In ESIEA, I am doing research on metamorphic viruses. It is a new area for me, so I have been reading up on lots of new material. I am fascinated at some of the gambits and defenses that are happening in the war between virus writers and antivirus researchers.
In the past week, I have been experimenting with virus construction kits, octave (free version of matlab), and reading reams of papers on computer viruses, hidden Markov models, etc. I feel like I am going in about 12 directions at once. But as my master's thesis adviser once told me, "that's research".
A quick history of viruses...
The classic viruses were fairly easy to detect through a method known as "signature detection". Essentially, virus scanners look for a bit pattern associated with a virus to identify a corrupted file. This method is still the predominant one, but newer viruses are being designed to evade this method.
"Encrypted viruses" attempt to evade scanners by encrypting the body of the virus.
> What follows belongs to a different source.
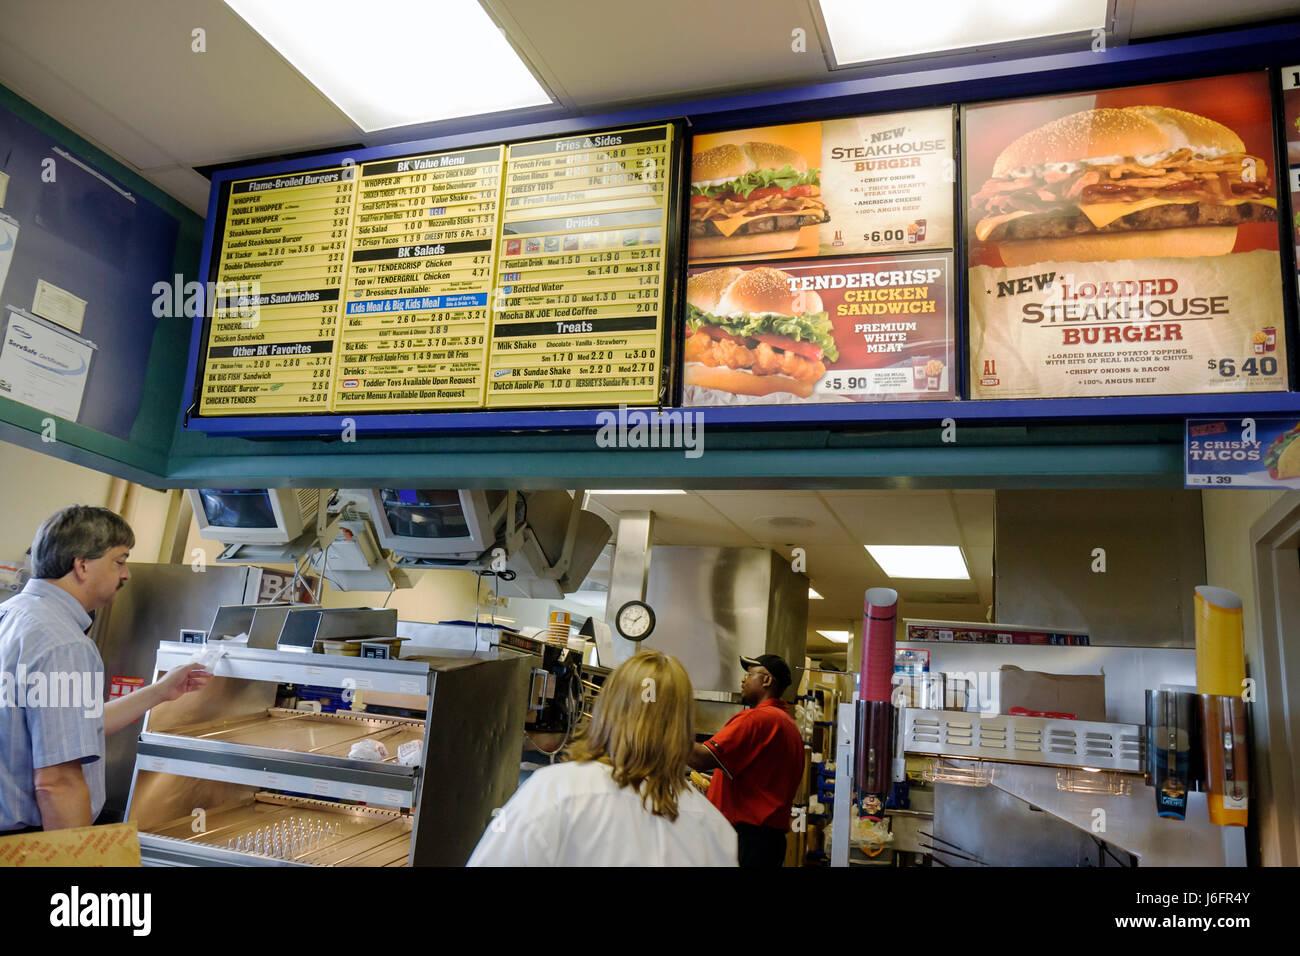 Wisconsin Kenosha Burger King fast food hamburger restaurant chain franchise menu choice Black man men woman counter - Stock Image
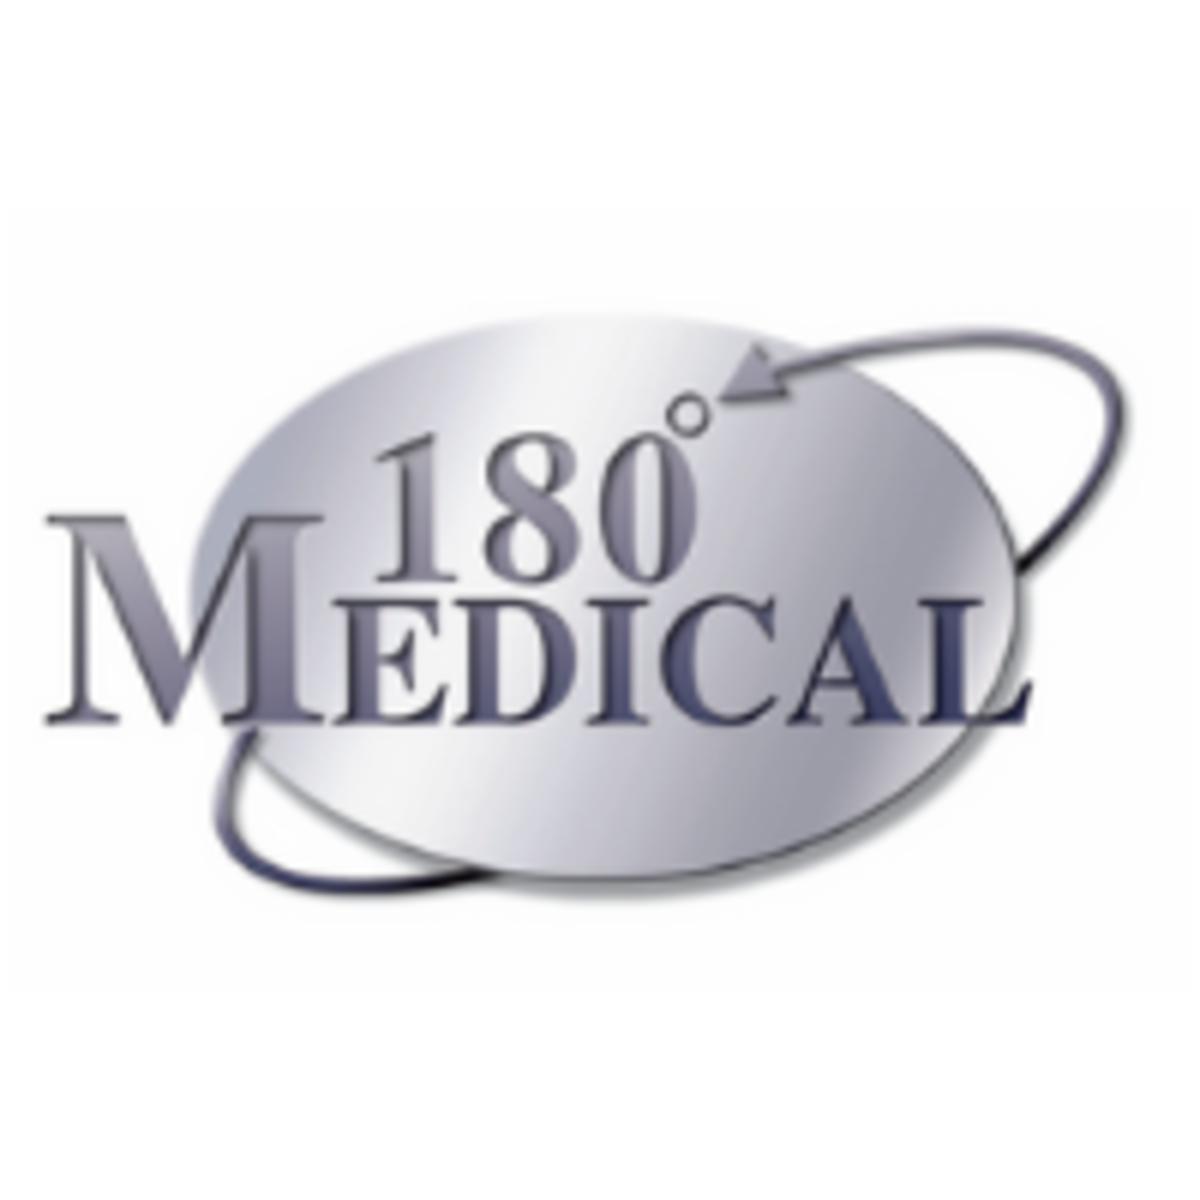 180 Medical logo

Typically, this would be done with a XOR operation, so that the same procedure can be used to both encrypt and decrypt the body of the virus. By itself, this approach is not especially useful -- the virus scanner can still identify the signature of the encryption/decryption code.
"Polymorphic viruses" improve on encrypted viruses by mutating the decrypter function. A simple version of the signature detection approach will then fail totally. Except... Modern scanners will decrypt the virus body, and then scan the virus. (I am still a little fuzzy on how they know when to decrypt the virus body.)
But polymorphic viruses point the way to a far more interesting approach. Rather than relying on encryption, "metamorphic viruses" mutate the body of the virus. This strategy can evade signature detection approaches without relying on encryption. (Interestingly, DRM systems are apparently exploring this technique to defy reverse engineering efforts).
Detecting metamorphic viruses is fairly challenging. Fortunately, most of the metamorphic viruses today have not been particularly good. But some are. NGVCK (Next Generation Virus Construction Kit) was designed (apparently) as a proof of concept. It produces harmless, but hard to detect viruses. (Its last release was in 2002 -- virus scanners might have caught up to it these days).
Current research has been exploring statistical models, especially hidden Markov Models (HMM). The results seem promising, but the battle is not over. Some research suggests that attackers could tune the mutations to emulate benign files. Virus scanners are then left with the unpleasant choice of rejecting benign files or accepting some malicious files (and probably some of both).
Anyway, it is an exciting new realm for me!